In August 2014, the FASB issued ASU 2014-15, which provides guidance on determining when and how reporting entities must disclose going-concern uncertainties in their financial statements. The new standard requires management to perform interim and annual assessments of an entity’s ability to continue as a going concern within one year of the date of issuance of the entity’s financial statements (or within one year after the date on which the financial statements are available to be issued, when applicable). Further, an entity must provide certain disclosures if there is “substantial doubt about the entity’s ability to continue as a going concern.” The ASU is effective for annual periods ending after December 15, 2016, and interim periods thereafter; early adoption is permitted. The Company is evaluating the impact the adoption of ASU 2014-15 will have on its consolidated financial statements.

In July 2015, the FASB issued ASU 2015-11, Inventory (Topic 330): Simplifying the Measurement of Inventory. Topic 330, Inventory, currently requires an entity to measure inventory at the lower of cost or market. Market could be replacement cost, net realizable value, or net realizable value less an approximately normal profit margin. The amendments do not apply to inventory that is measured using last-in, first-out (LIFO) or the retail inventory method. The amendments apply to all other inventory, which includes inventory that is measured using first-in, first-out (FIFO) or average cost. The amendments are effective for fiscal years beginning after December 15, 2016, including interim periods within those fiscal years. The amendments should be applied prospectively with earlier application permitted as of the beginning of an interim or annual reporting period. The Company is evaluating the impact the adoption of ASU 2015-11 will have on its consolidated financial statements.

In January 2016, the FASB issued ASU 2016-01, Financial Instruments — Overall (Subtopic 825-10): Recognition and Measurement of Financial Assets and Financial Liabilities. The update is intended to improve the recognition and measurement of financial instruments. The ASU affects public and private companies, not-for-profit organizations, and employee benefit plans that hold financial assets or owe financial liabilities. The update is effective for fiscal years beginning after December 15, 2017, including interim periods within those fiscal years. The Company is evaluating the impact the adoption of ASU 2016-01 will have on its consolidated financial statements.

In February 2016, the FASB issued ASU No. 2016-02, Leases (Topic 842). The new standard requires that all lessees recognize the assets and liabilities that arise from leases on the balance sheet and disclose qualitative and quantitative information about its leasing arrangements. The new standard will be effective for us on January 1, 2019. The adoption of this standard is not expected to have a material impact on our financial position. The Company is evaluating the impact the adoption of ASU 2016-02 will have on its consolidated financial statements.
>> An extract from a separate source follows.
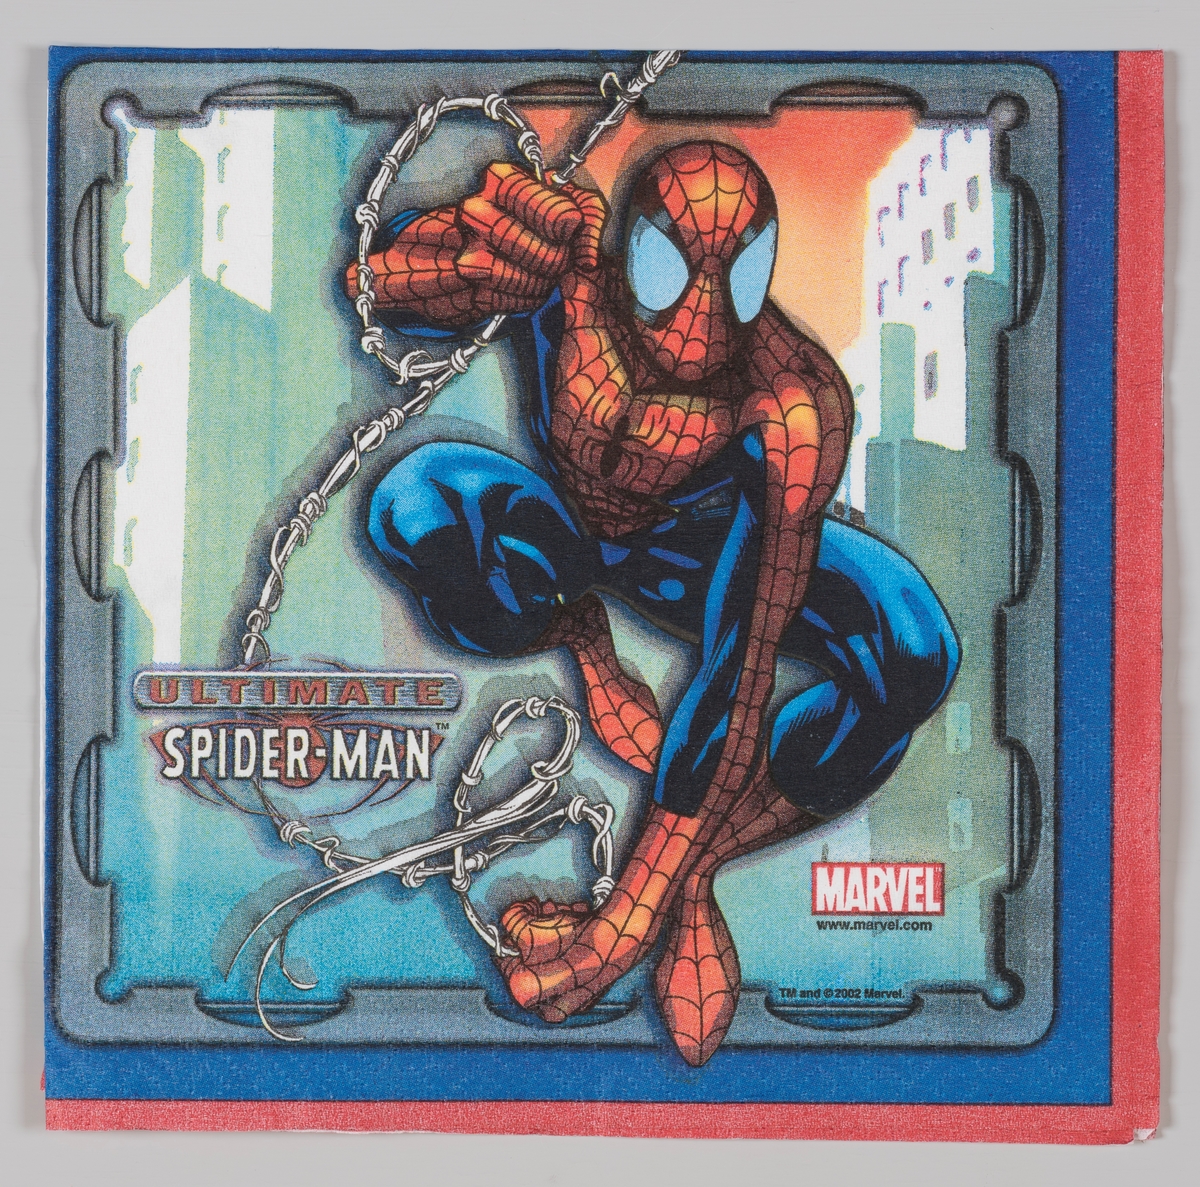 Spiderman

Spider-man er en amerikansk tegneseriefigur som er skapt i 1962 og tilhører selskapet Marvels superhelte univers. I Norge utkom en tegneserie med figuren med navnet Edderkoppen i 1968. I 1999 var serien tilbake i Norge under navnet Spider-Man. Tre amerikanske kinofilmer med Spider-Man er produsert i 2002, 2004 og 2007.

In March 2016, the FASB issued ASU No. 2016-09, Compensation—Stock Compensation (Topic 718): Improvements to Employee Share-Based Payment Accounting. The new standard involves several aspects of the accounting for share-based payment transactions, including the income tax consequences, classification of awards as either equity or liabilities and classification on the statement of cash flows. For public business entities, the amendments in this Update are effective for annual periods beginning after December 15, 2016, and interim periods within those annual periods. The Company is evaluating the impact the adoption of ASU 2016-09 will have on its consolidated financial statements.